Disasterchannel.co,- Menyadari kita berada dalam zona merah bencana, berkaca dari berbagai peristiwa bencana dari berbagai seluruh wilayah indonesia. Maka sudah sewajarnya kita harus sadar dan mempunyai pengetahuan dan ketrampilan yang memadai tentang risiko bencana. Apalagi kita tinggal di daerah yang rawan bencana walau bencana itu sendiri tidak selalu terjadi, namun kewaspadaan harus tetap tinggi. Bencana dapat datang kapan saja, ada yang bisa diprediksi seperti banjir dan ada juga yang tidak bisa diprediksi seperti gempa bumi.

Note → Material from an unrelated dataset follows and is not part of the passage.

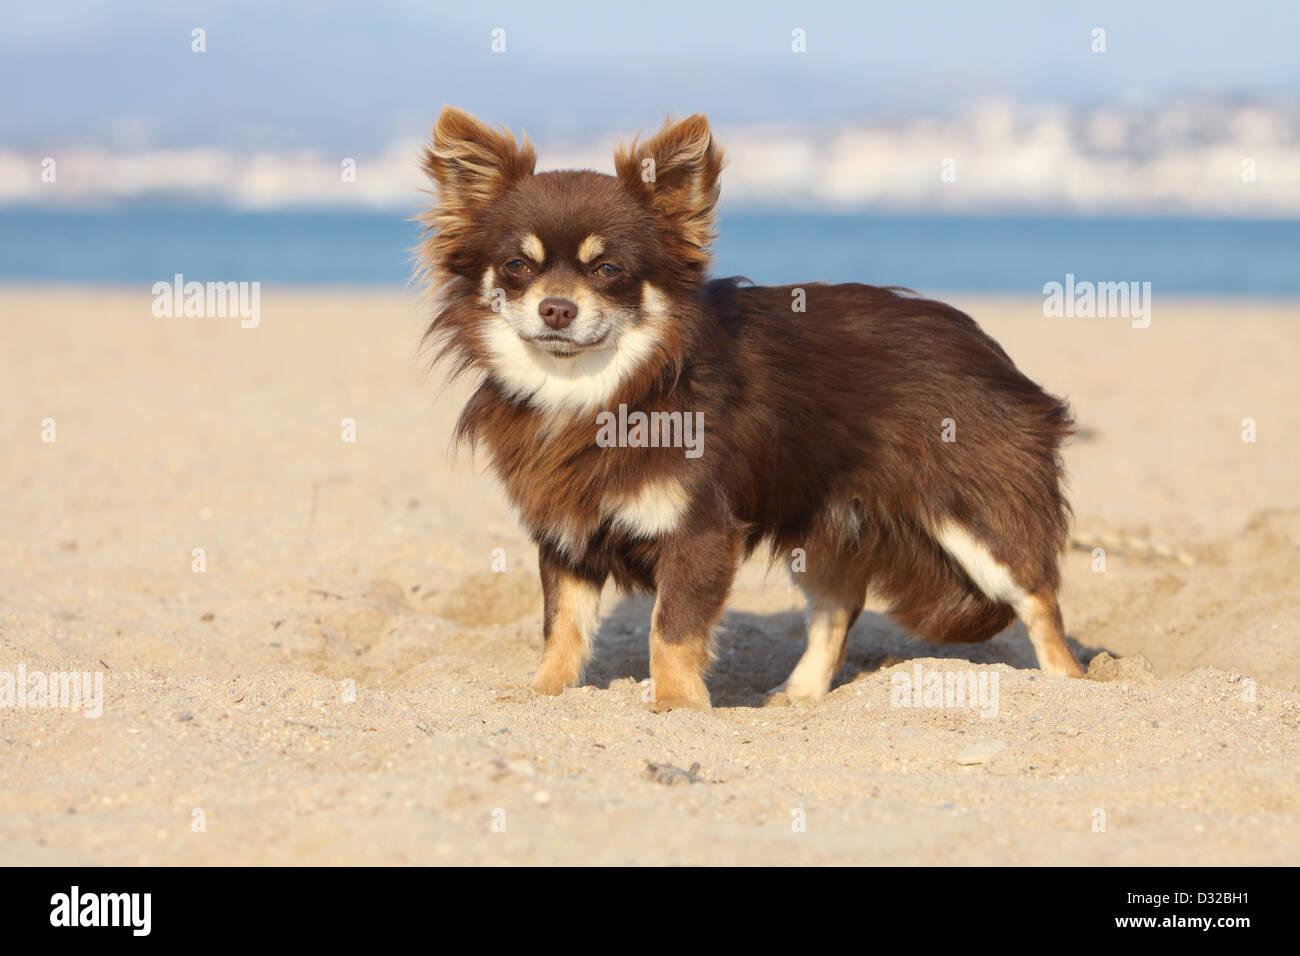 Hund Chihuahua Langhaar Erwachsene Stehen Am Strand Stockfotografie Alamy
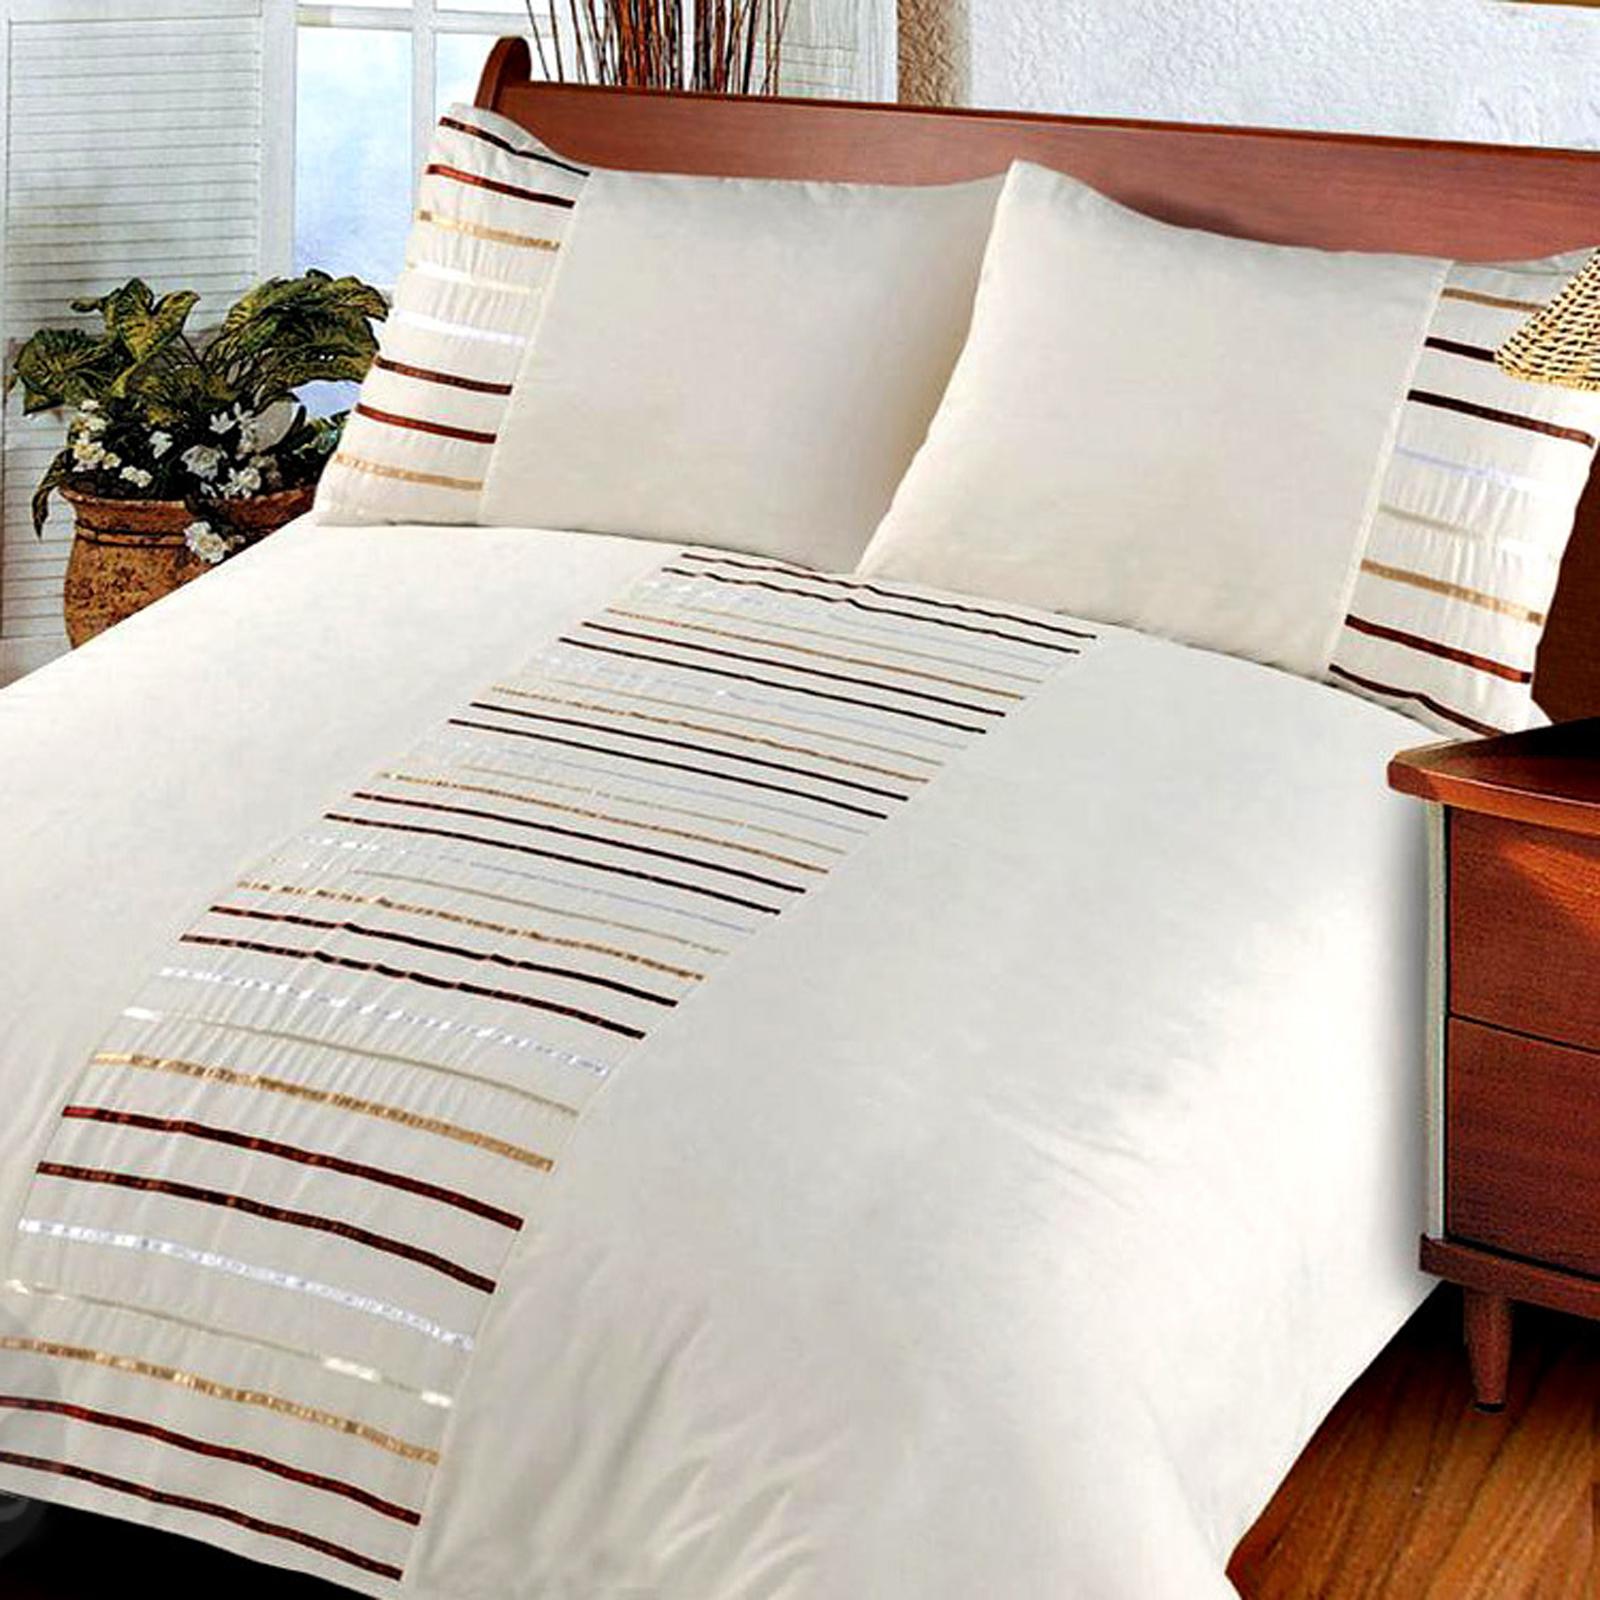 Modern quilt bedding - Modern Striped Duvet Cover Set Bedding Quilt Cover

Menyadari hal diatas, saat ini Palang Merah Indonesia (PMI) Kota Sukabumi melalui dukungan dari Palang Merah Amerika (Amcross) dan USAID mendorong partisipasi masyarakat untuk melakukan pemetaan risiko terhadap daerah rawan bencana di Kota Sukabumi, Jawa Barat tepatnya di Kelurahan/Kecamatan Baros.

“Pemetaan risiko (risk Mapping) ini merupakan salah satu rangkaian kegiatan program kesiapsiagaan gempa bumi yang dilakukan oleh PMI Kota sukabumi melalui dukungan PMI Pusat dan Palang Merah Amerika (Amcross),” kata Kabag Sistem Informasi Biro IT PMI Pusat Parmin.

Menurutnya, pemetaan yang dilakukan pihaknya ini memakan waktu selama delapan hari dengan melibatkan masyarakat sekitar. Tujuan dari kegiatan ini untuk memetakan peta risiko yang terdiri dari kebutuhan peta analisa
kapasitas, kerentanan dan risiko di wilayah intervensi program

Peta ini dibuat berdasarkan partisipasi masyarakat Kelurahan Baros dan para relawan Sibat PMI sehingga, tujuannya masyarakat ini membuat peta dan paham apa yang ada di daerahnya tersebut tentang kerentanan, kapasitas dan risiko yang bisa timbul di wilayah ini.

Pihaknya juga mendapatkan banyak pertanyaan dari relawan Siaga Bencana Berbasis Masyarakat (SIBAT) PMI Kelurahan Baros yang ingin tahu jalur evakuasi dan titik kumpul bila terjadi bila terjadi gempa bumi.

“Peta ini akan selalu diperbaharui atau update jika terjadi perubahan-perubahan yang ada di Kelurahan Baros dan bisa disesuaikan dengan kebutuhan dan potensi yang ada,” tambahnya.

Sementara, Camat Baros Yunita Nusmeri Sitepu didampingi Lurah Baros dan ketua PMI kecamatan Baros mengatakan dengan adanya peta yang dibuat PMI ini tentunya sangat bermanfaat apalagi, Sukabumi merupakan salah satu daerah rawan bencana salah satunya gempa bumi.

Dengan adanya peta itu warga bisa mengetahui kondisi daerahnya masing-masing serta mampu memitigasi bencana dan melakukan upaya pengurangan risiko untuk meminimalisasikan dampaknya jika terjadi gempa bumi.